| Exercise |
Write the listing out once more, identical to the original but without pictures.

| Provided material |
- - - - -

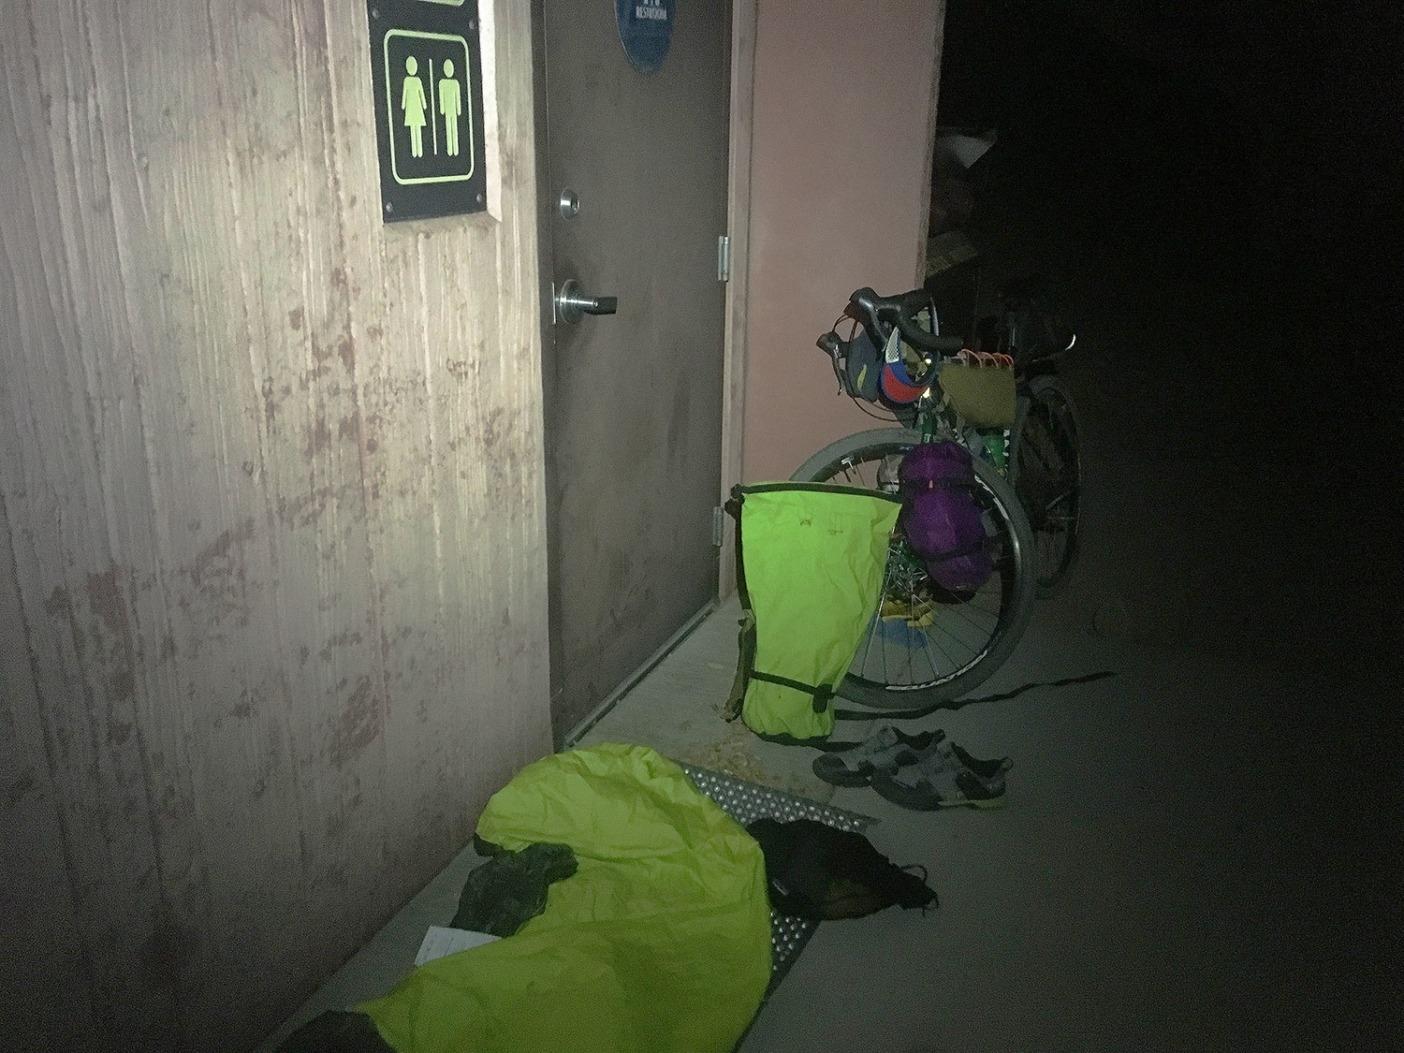 ピットトイレ・キャンプ場、インディペンデンス、カリフォルニア州。Photo: Erik Schulte
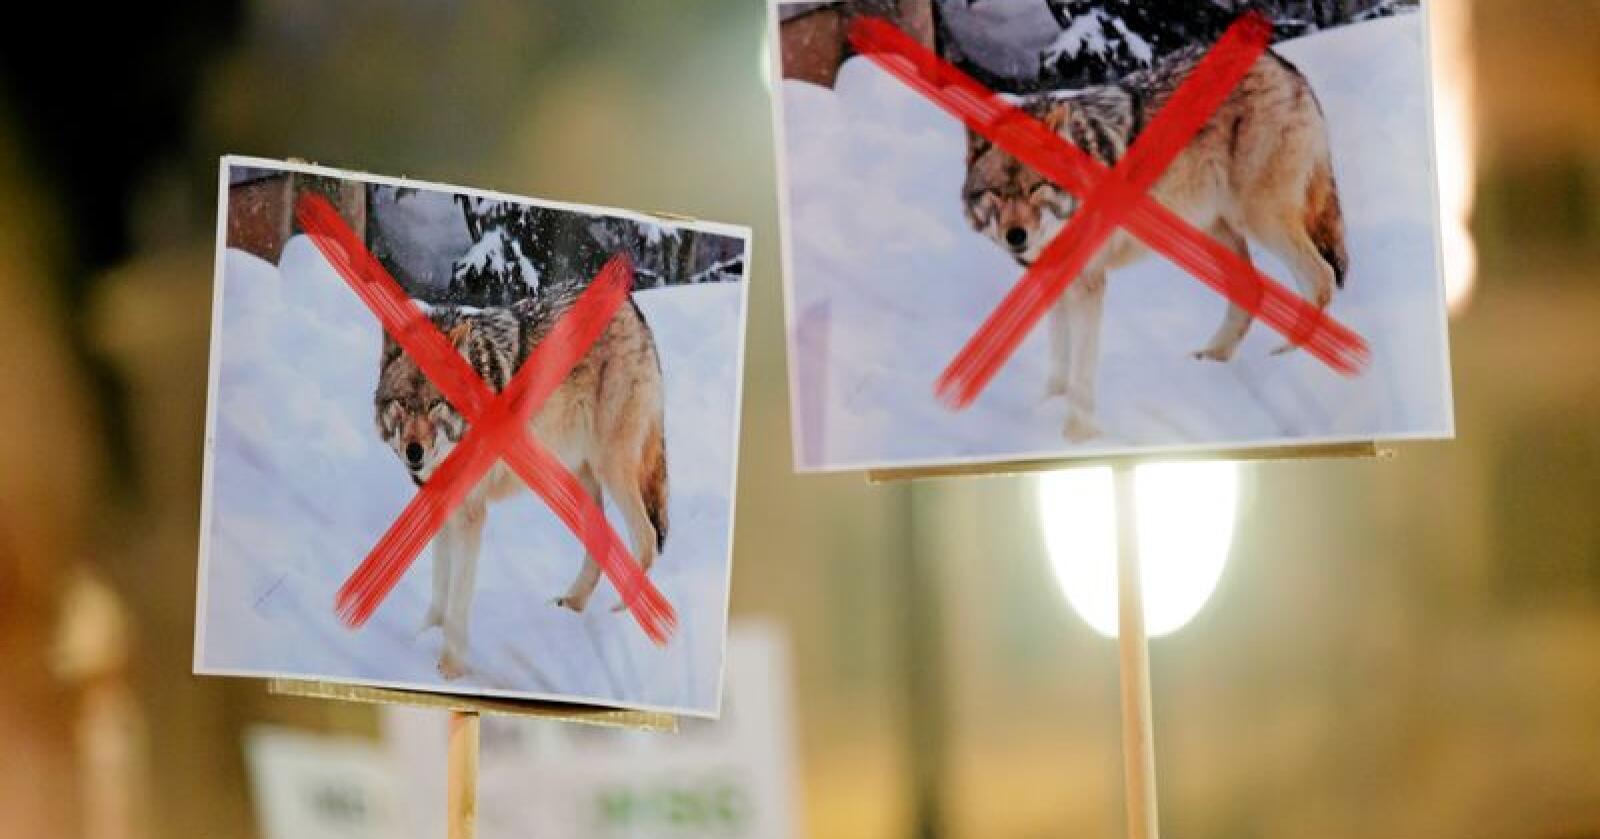 Ulven skaper engasjement. Foto: Cornelius Poppe / NTB Scanpix
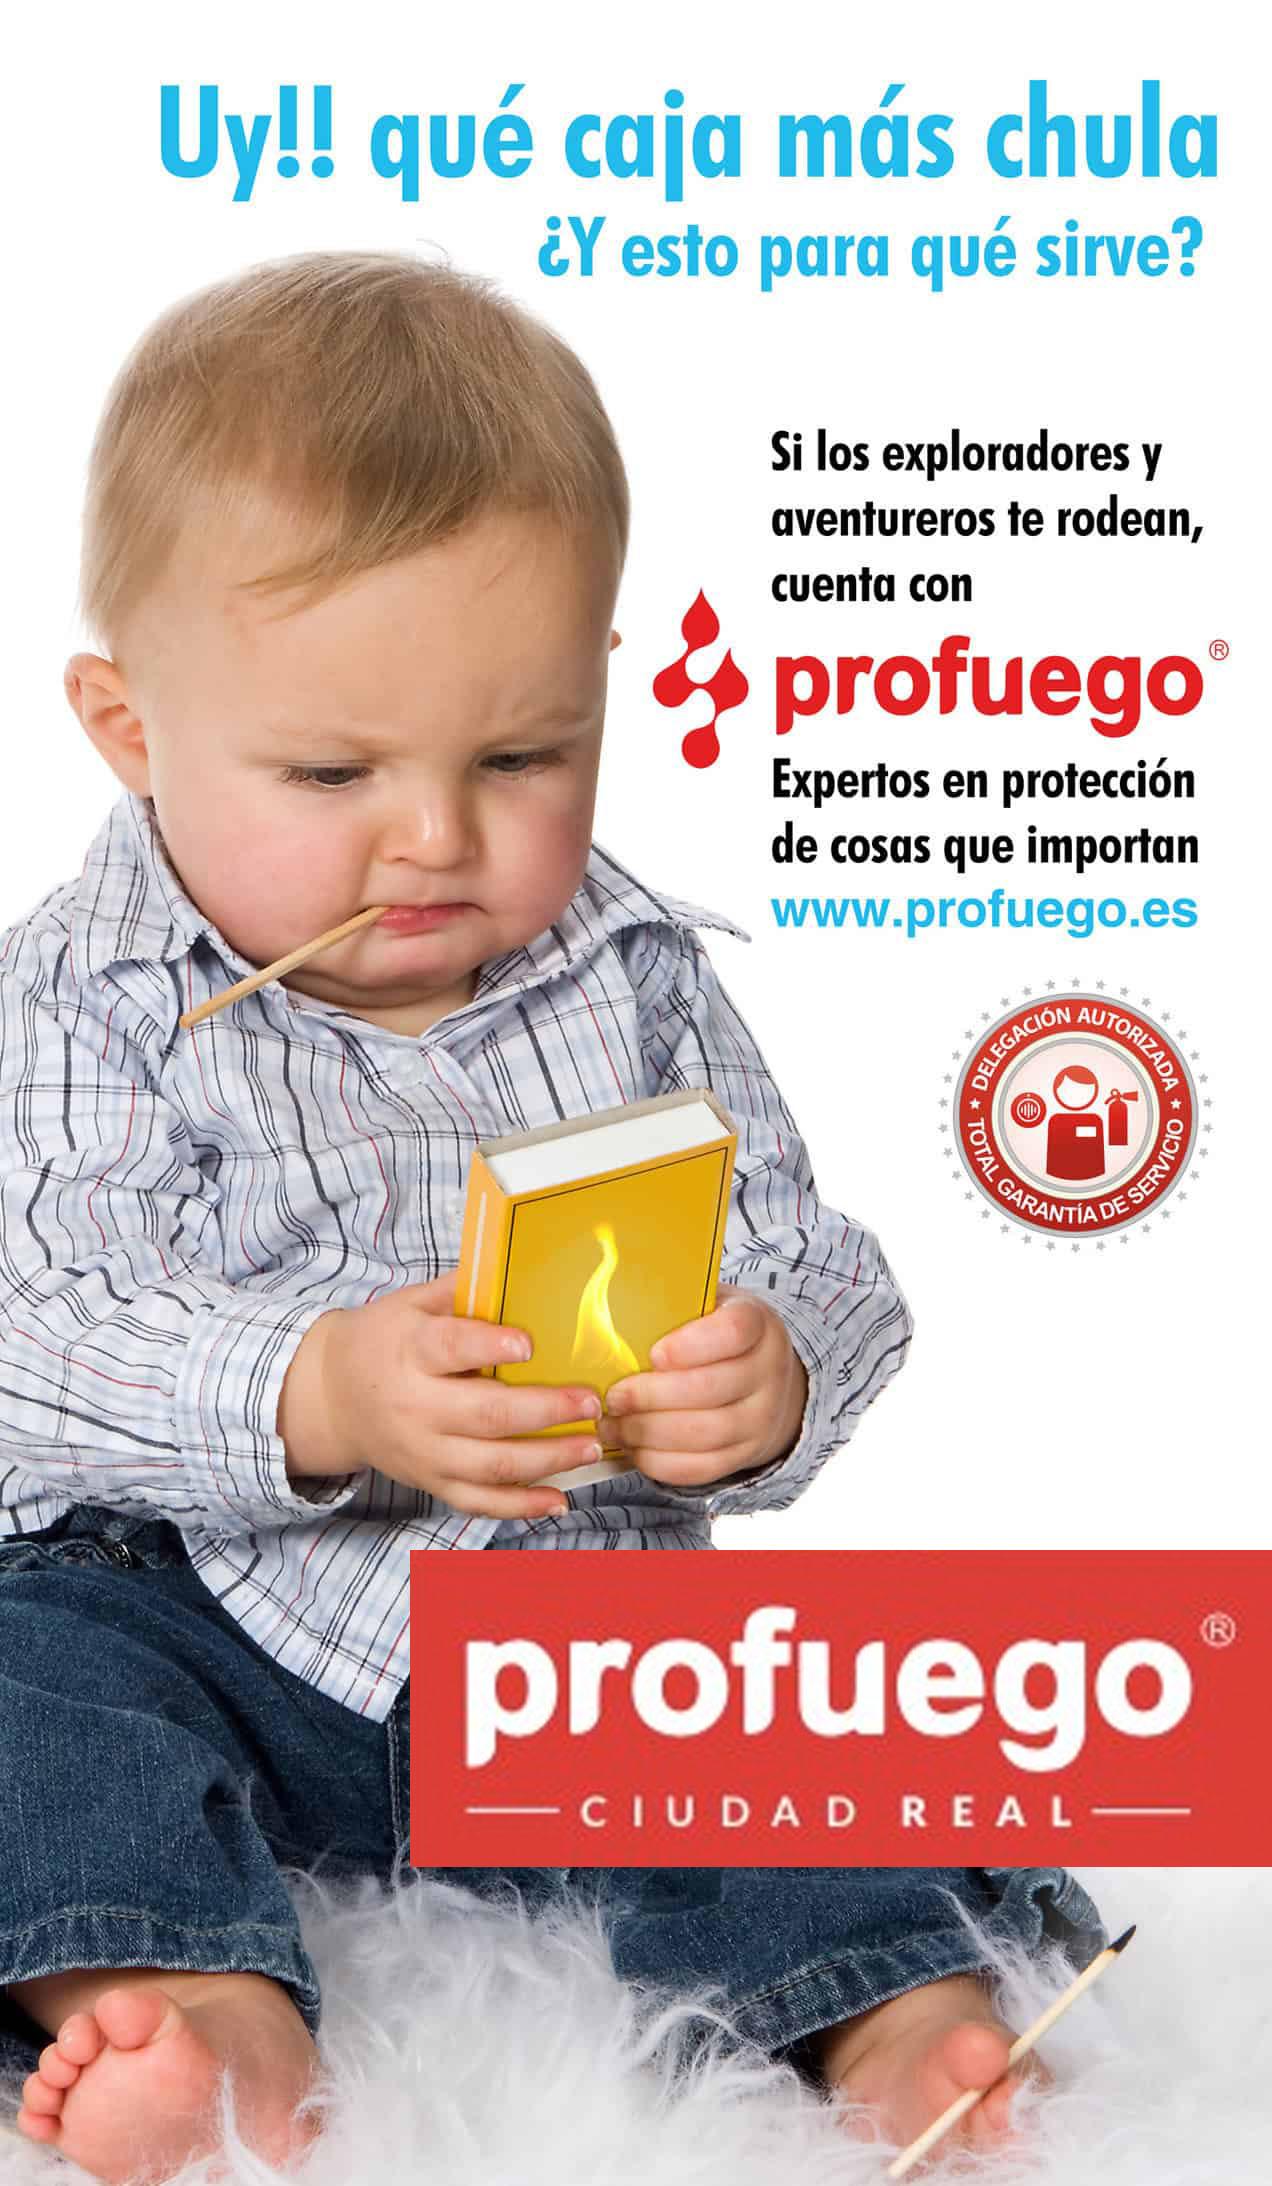 Extintores Ciudad Real. Comprar Extintores en Ciudad Real. 1

- - - - -

| Answer section |
 ピットトイレ・キャンプ場、インディペンデンス、カリフォルニア州。Photo: Erik Schulte
 Ulven skaper engasjement. Foto: Cornelius Poppe / NTB Scanpix
 Extintores Ciudad Real. Comprar Extintores en Ciudad Real. 1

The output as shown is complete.